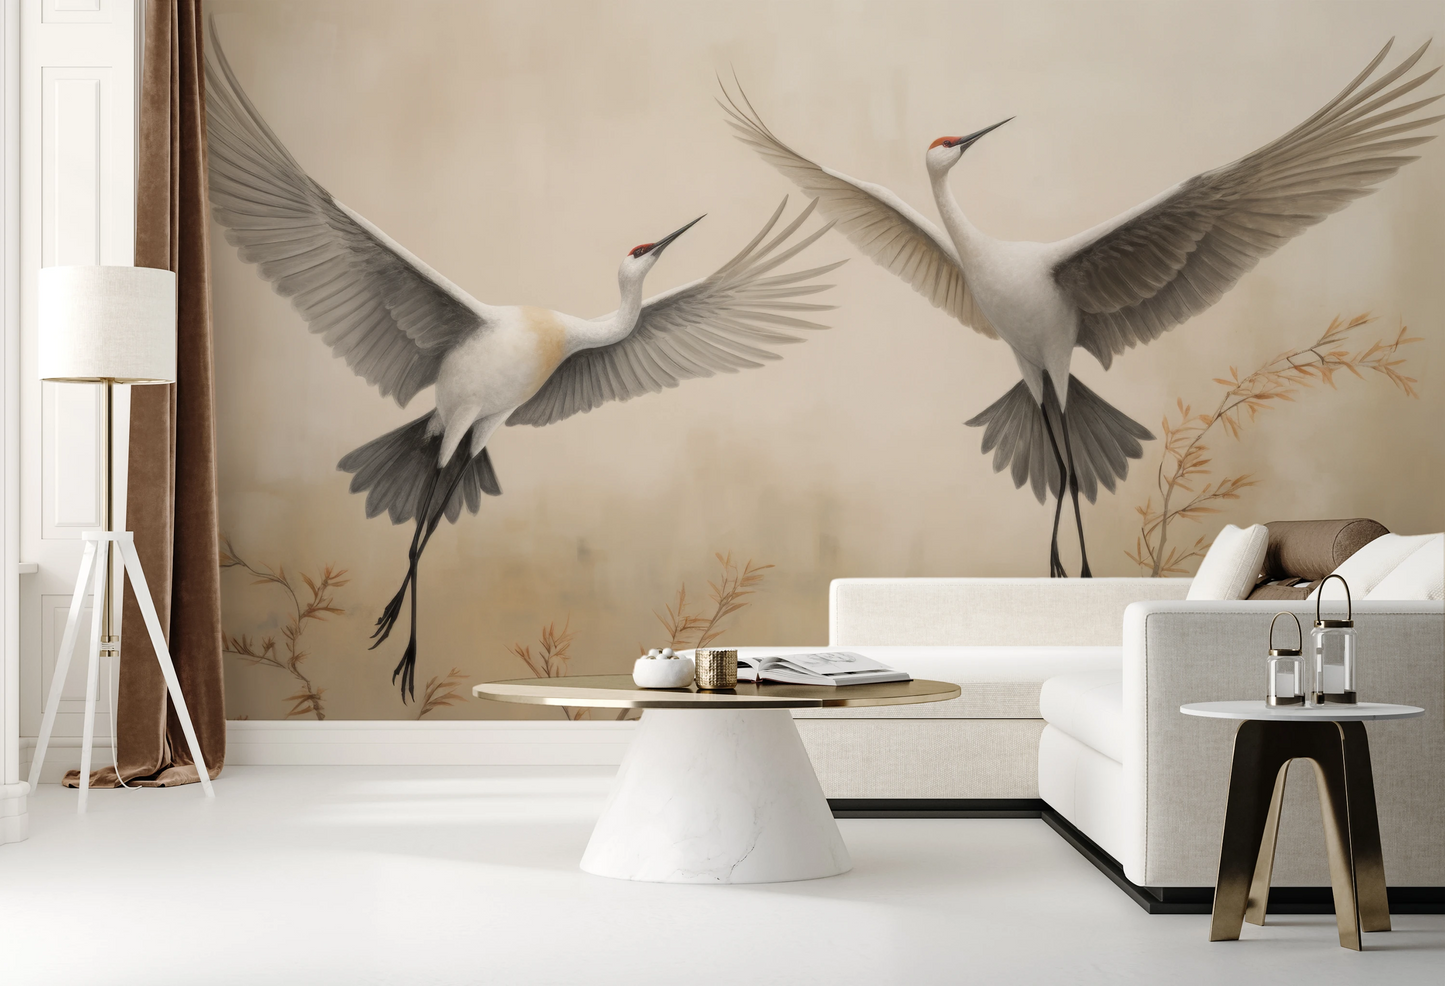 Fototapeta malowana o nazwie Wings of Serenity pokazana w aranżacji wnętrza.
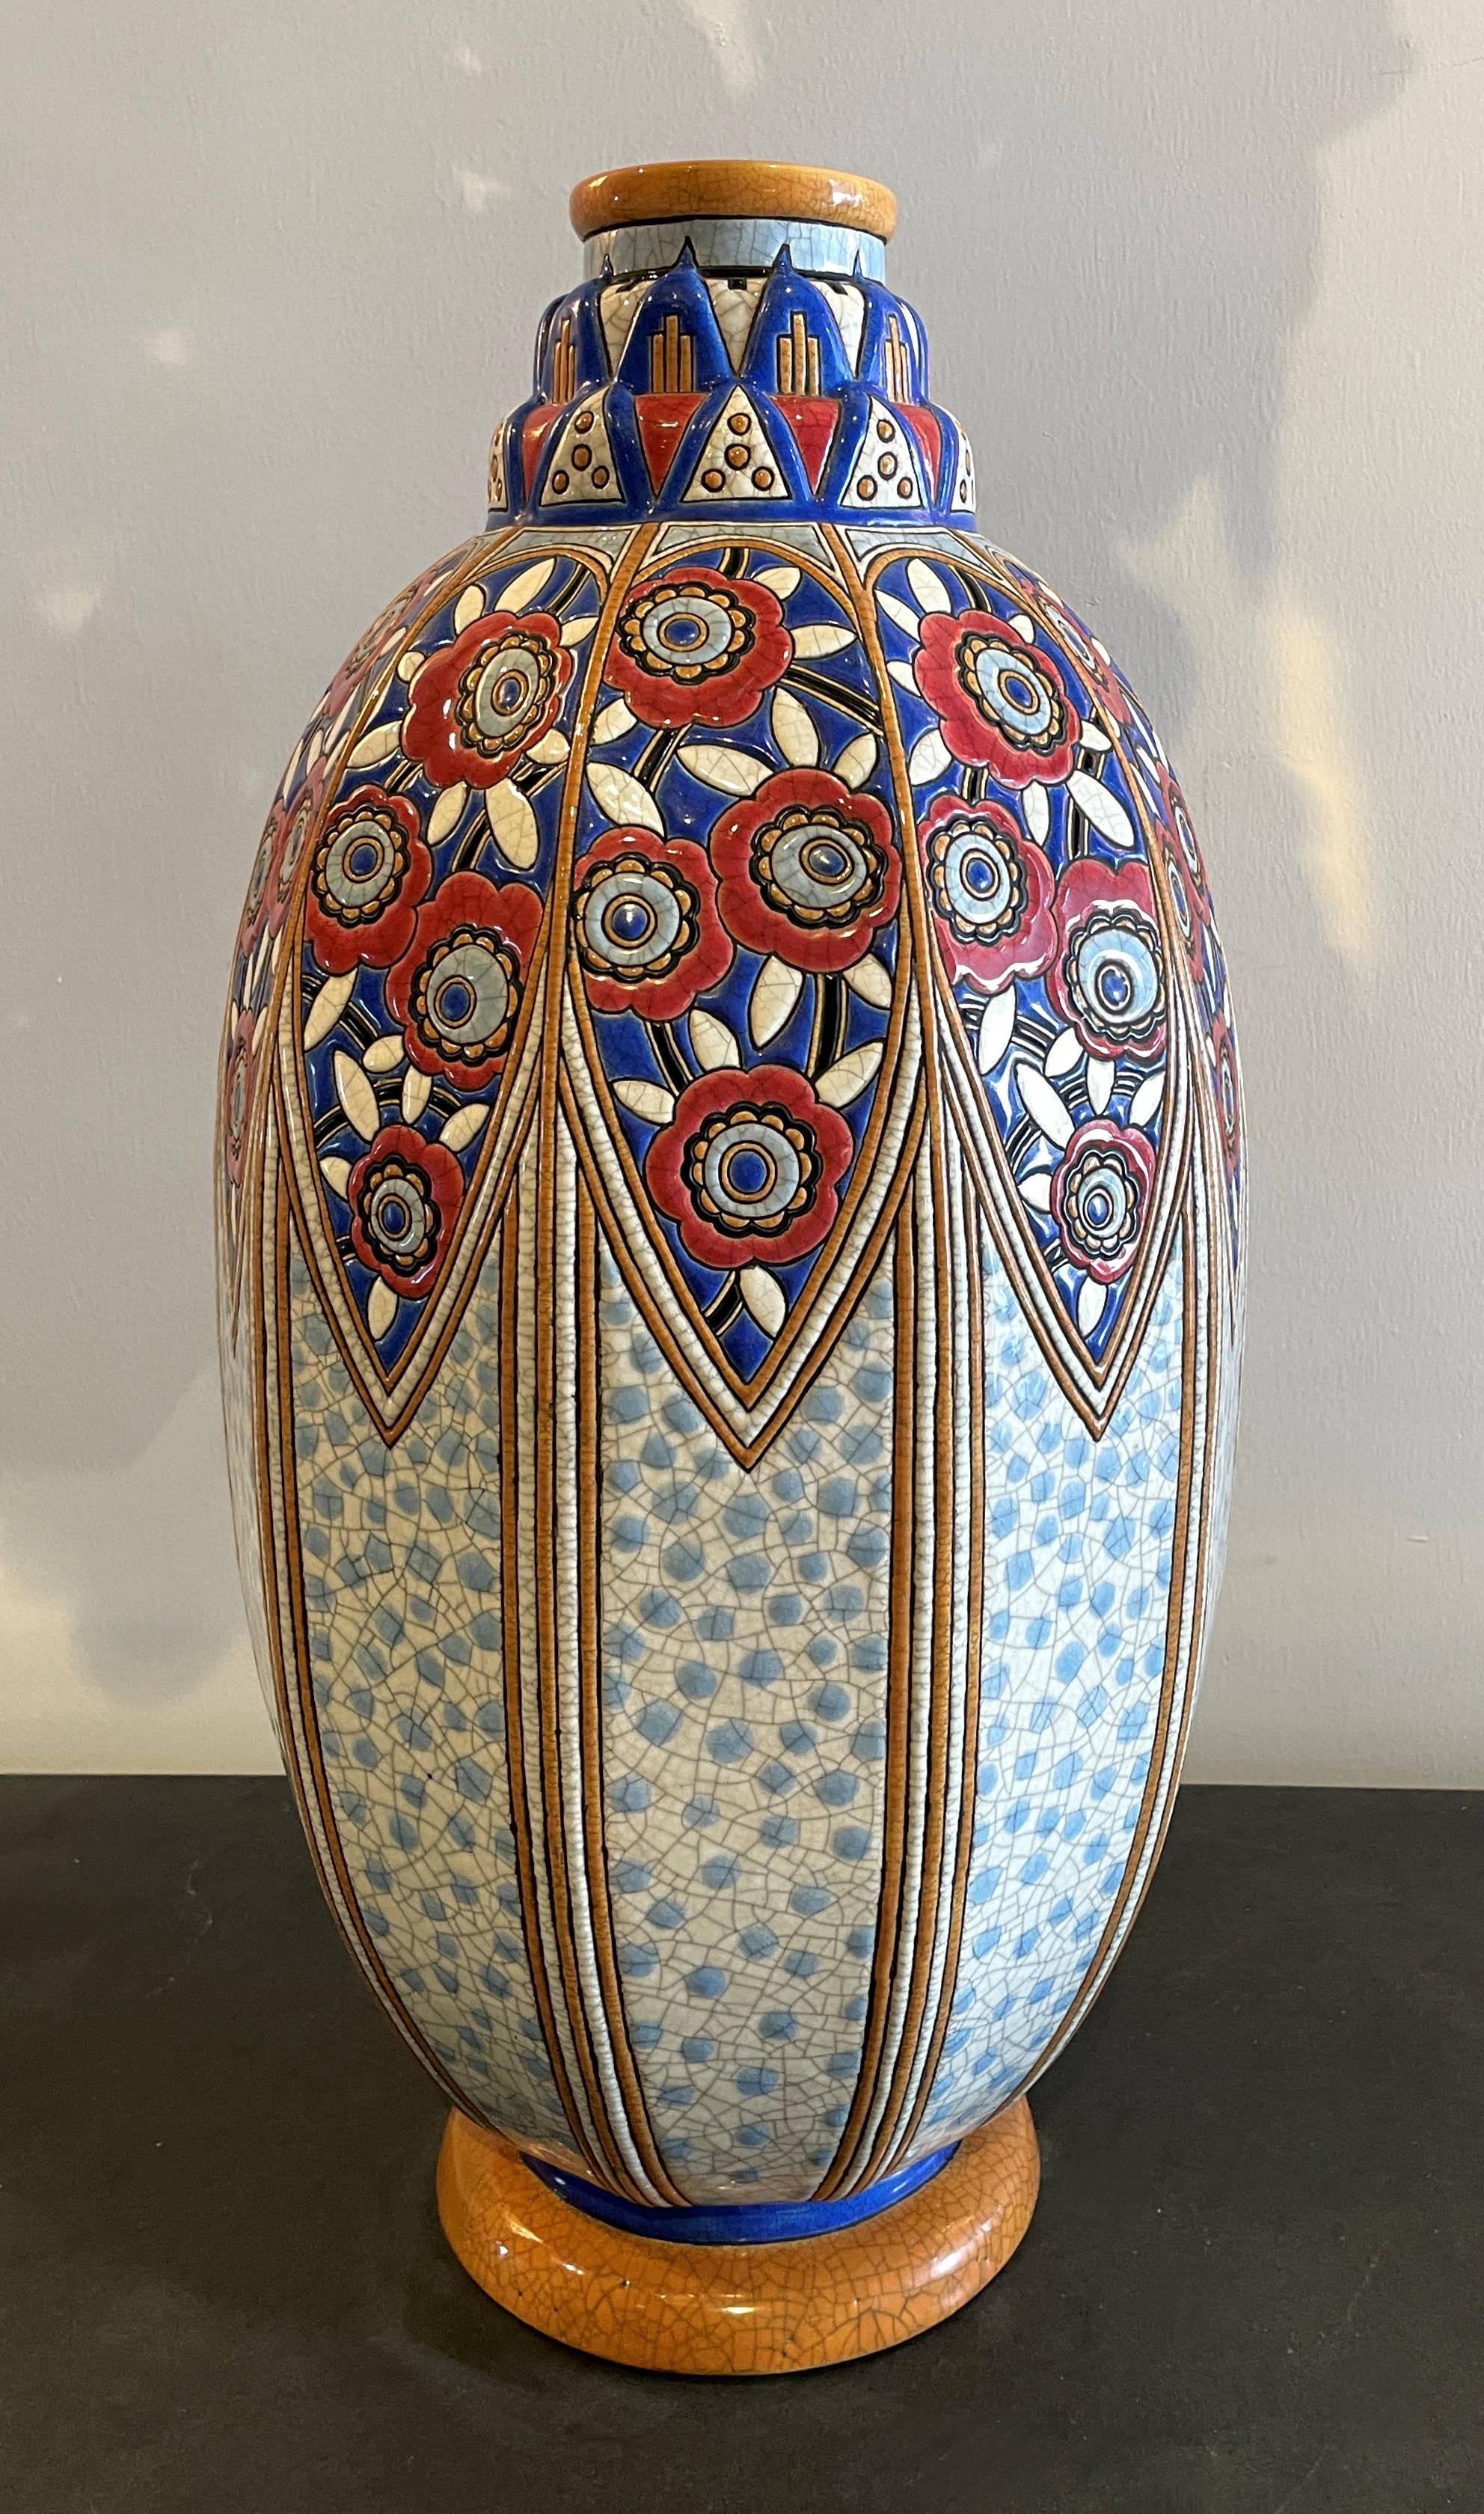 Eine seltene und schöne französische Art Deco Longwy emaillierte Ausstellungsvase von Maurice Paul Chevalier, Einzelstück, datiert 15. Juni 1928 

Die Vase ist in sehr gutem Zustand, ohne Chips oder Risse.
● ● ●
__EXERCISE DETAILS__.
Output everything in the material exactly. Pictures stay out of it.

__ANSWER TO THE PROBLEM__.
 Fototapeta malowana o nazwie Wings of Serenity pokazana w aranżacji wnętrza.
 Eine seltene und schöne französische Art Deco Longwy emaillierte Ausstellungsvase von Maurice Paul Chevalier, Einzelstück, datiert 15. Juni 1928 

Die Vase ist in sehr gutem Zustand, ohne Chips oder Risse.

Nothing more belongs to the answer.